*ACTIVITY*
Exactly the lines from the one containing "Golden or Chinese" through the end of the listing must make up the answer, with no pictures included.

*INFORMATION SHOWN*
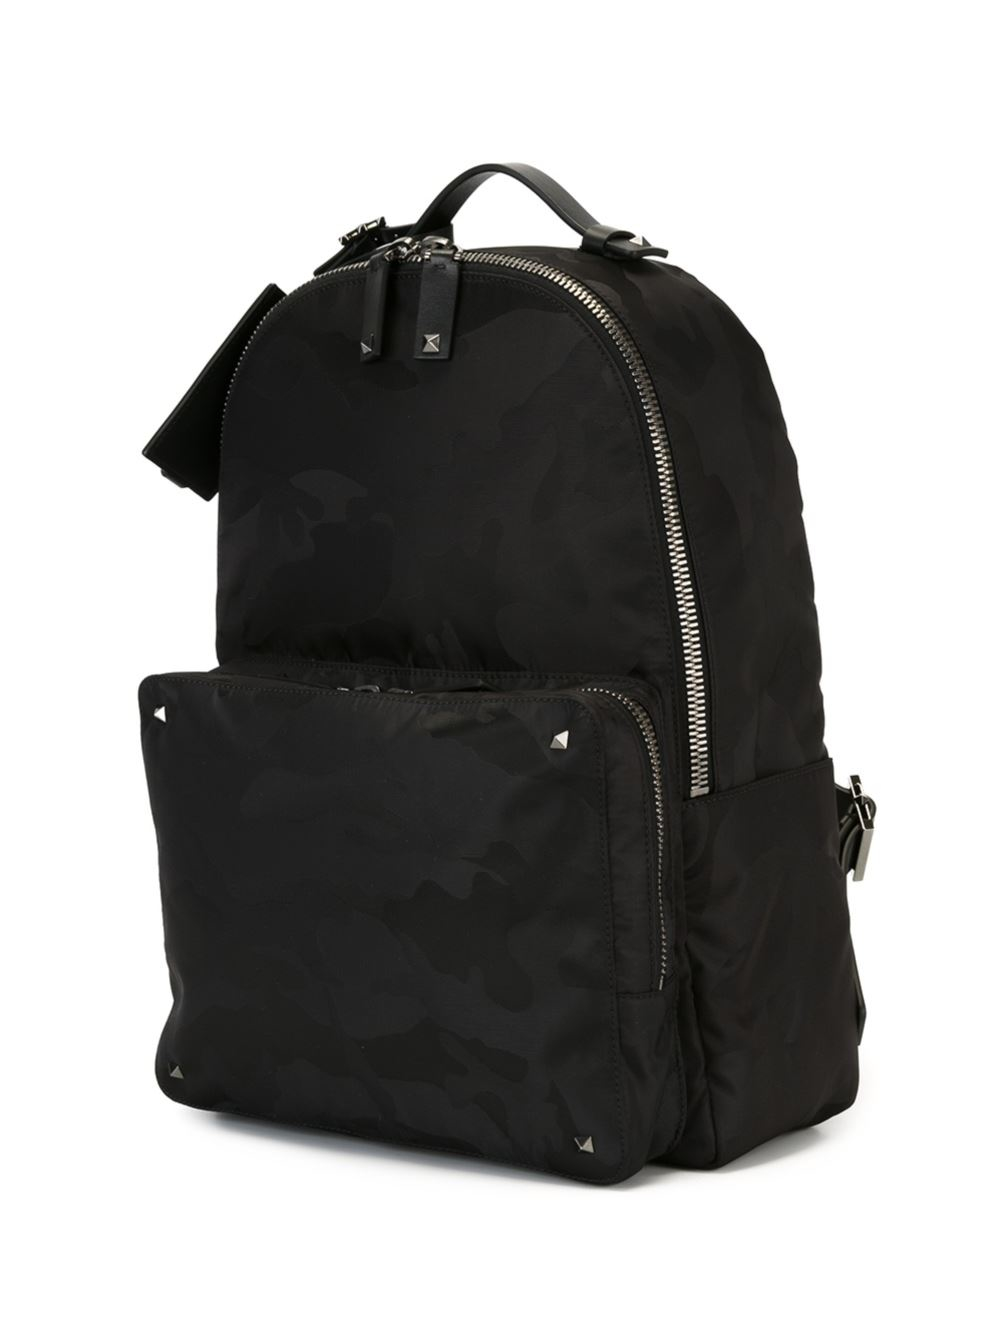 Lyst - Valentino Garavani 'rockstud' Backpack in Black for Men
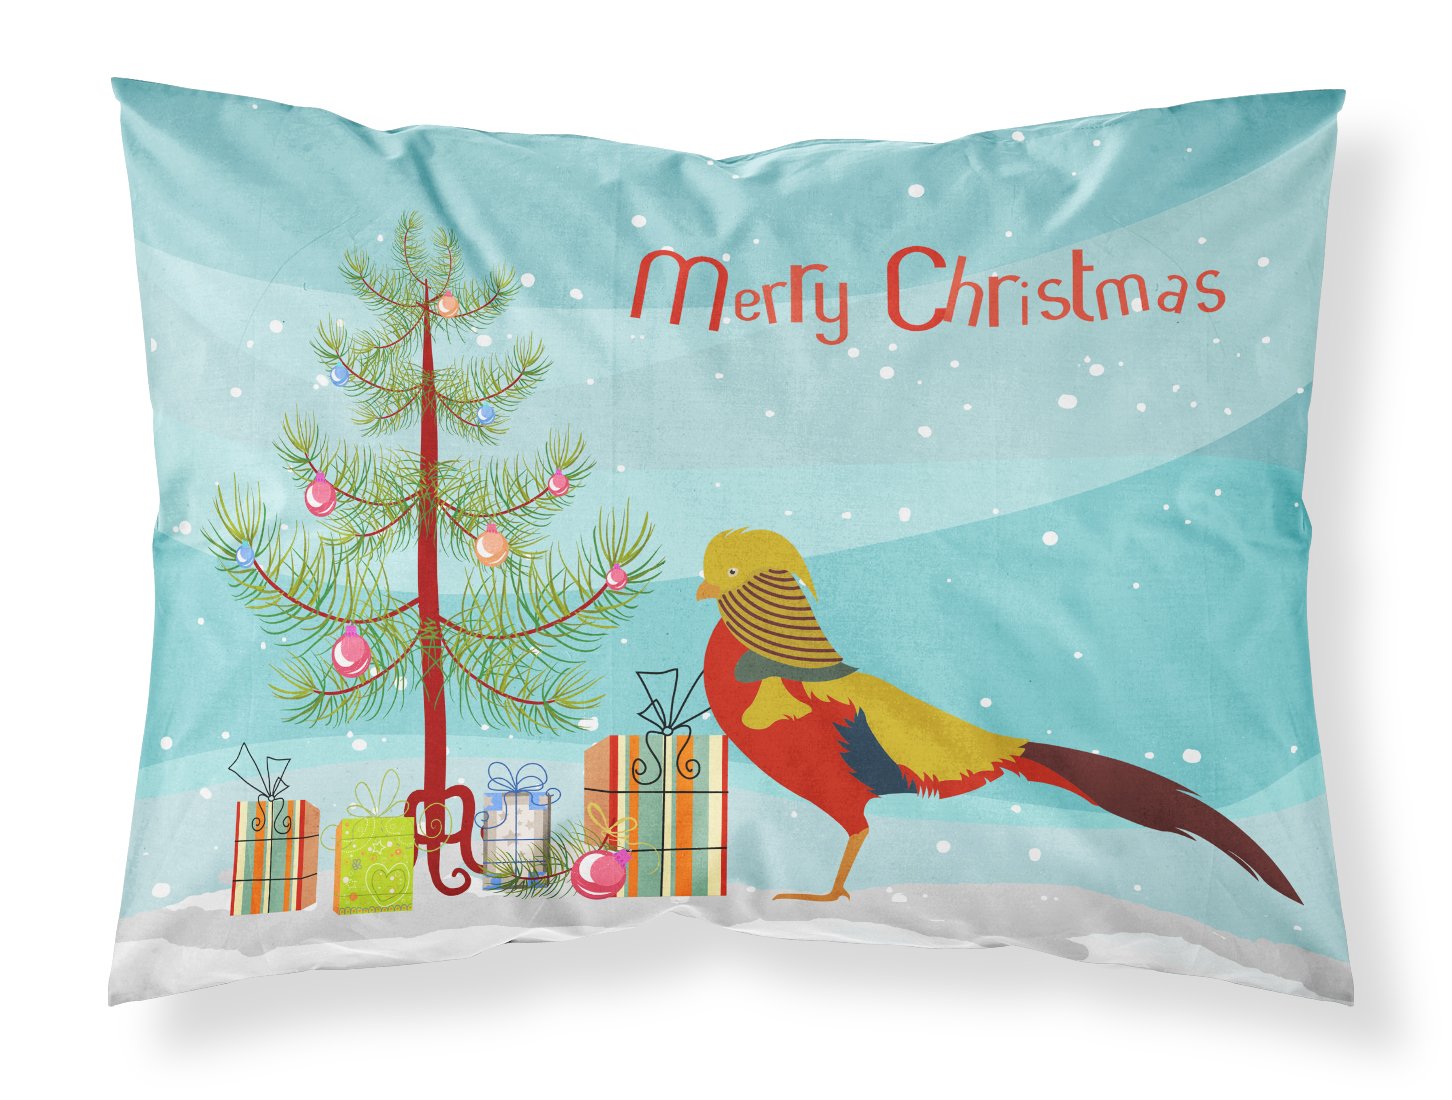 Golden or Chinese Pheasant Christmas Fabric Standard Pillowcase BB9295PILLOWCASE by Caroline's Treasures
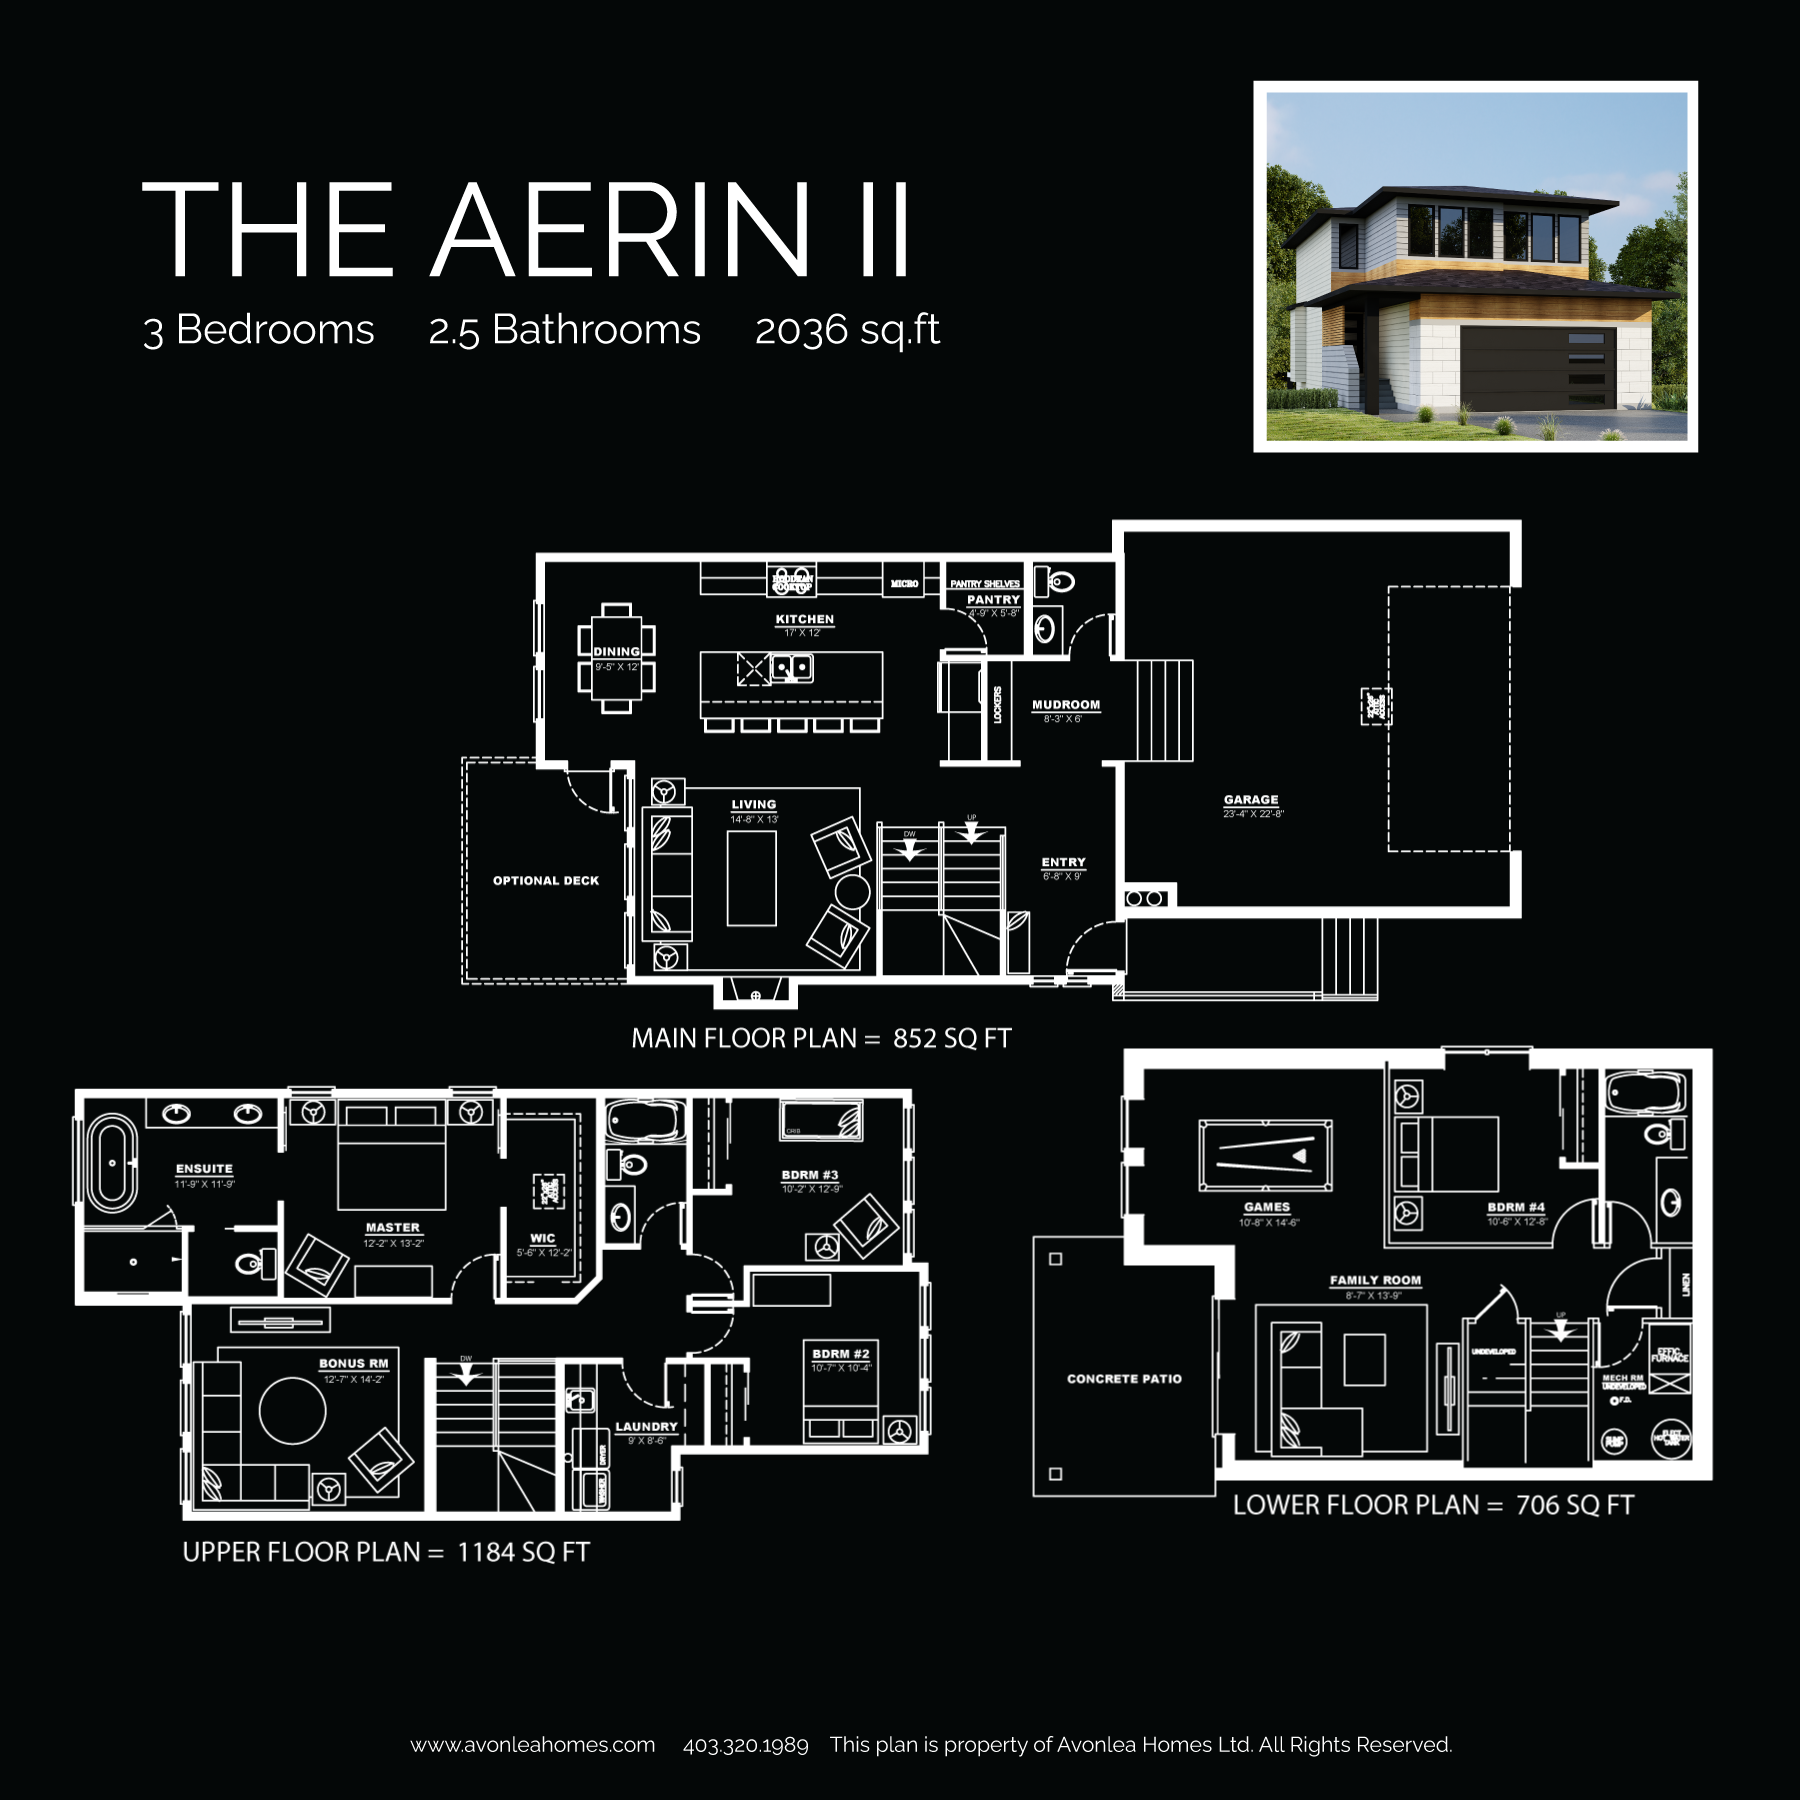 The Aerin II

*SOLUTION*
 Golden or Chinese Pheasant Christmas Fabric Standard Pillowcase BB9295PILLOWCASE by Caroline's Treasures
 The Aerin II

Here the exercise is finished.